Peter “Pete” Russell, 43 anni scozzese, è il coach del Team GB dal 2014-2015. Ex portiere di discreto livello, è conosciuto ed apprezzato per il suo lavoro con i giovani: ha lavorato a Edimburgo, Paisley e Cardiff con i vivai e ha diretto per 3 anni la Okanagan Hockey Academy, la prestigiosa scuola di formazione canadese che ha una filiale in Gran Bretagna. Nelle ultime stagioni ha svolto il ruolo di head coach sia della Nazionale sia dei Milton Keynes Lightning, mentre dall’anno prossimo allenerà gli scozzesi del Braehead Clan, lasciando la panca della Nazionale per concentrarsi unicamente su quello che ha chiamato “il ritorno a casa”.
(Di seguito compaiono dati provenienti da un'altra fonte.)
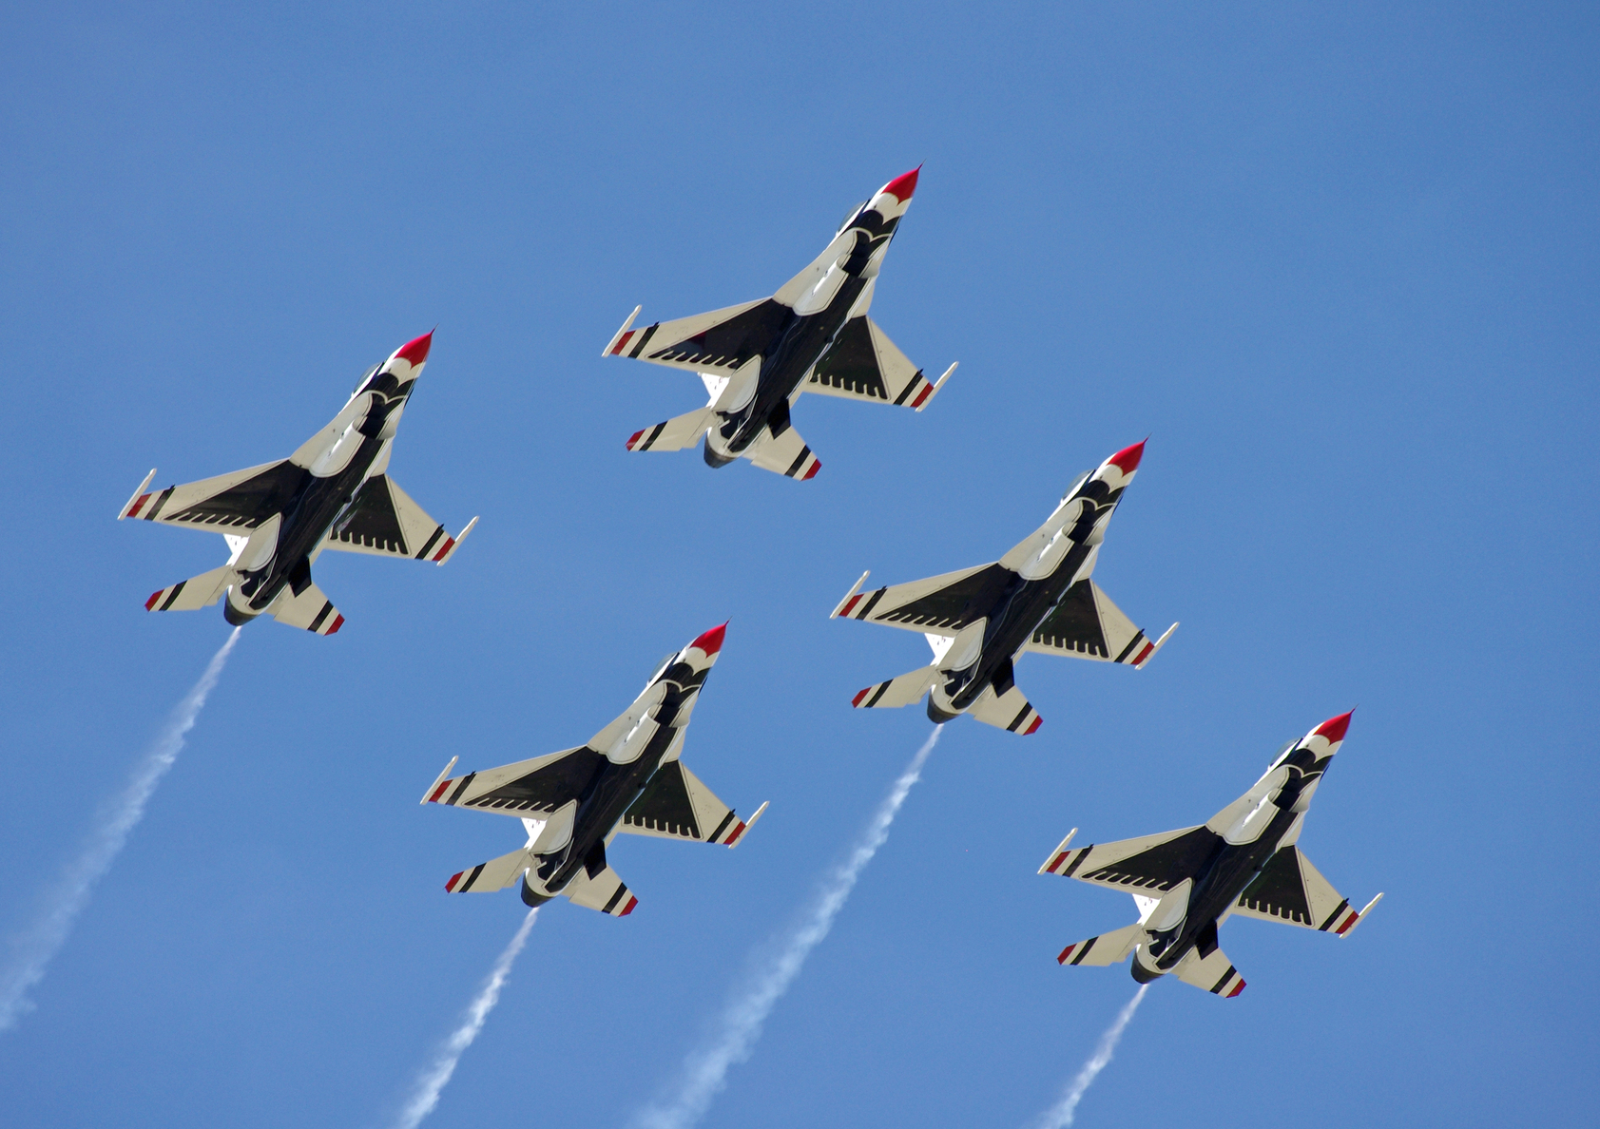 Air_Force_planes.jpg

Russell predica un hockey molto fisico, quello che lui stesso chiama “blue collar hockey” in riferimento al lavoro degli operai, in cui è fondamentale il lavoro delle linee e la coesione di squadra, penalizzando forse la parte più imprevedibile e talentuosa dei giocatori, ma in effetti la Gran Bretagna dà più l’impressione di un buon collettivo piuttosto che di una squadra in cui eccellono dei campioni.

Il roster

Il roster della Gran Bretagna si potrebbe quasi recitare a memoria, visti i pochissimi cambiamenti subiti negli ultimi anni, fedele al credo di Russell sull’importanza del gruppo di cui parlavamo sopra, o forse, più malignamente, perché il materiale a disposizione non è poi così vasto. Punti fermi del Team GB sono sicuramente gli esperti David a Jonathan Phillips degli Sheffield Steelers, il difensore dal tiro mortifero Ben O’Connor, che vanta esperienze e trofei anche in Kazakistan, mentre in attacco da temere sono Robert Farmer, che alcuni anni fa prometteva una carriera forse più luminosa dell’attuale, Robert Dowd e l’eterno Colin Shields. Manca invece per infortunio Liam Stewart, protagonista l’anno scorso a Belfast sotto gli occhi di papà Rod.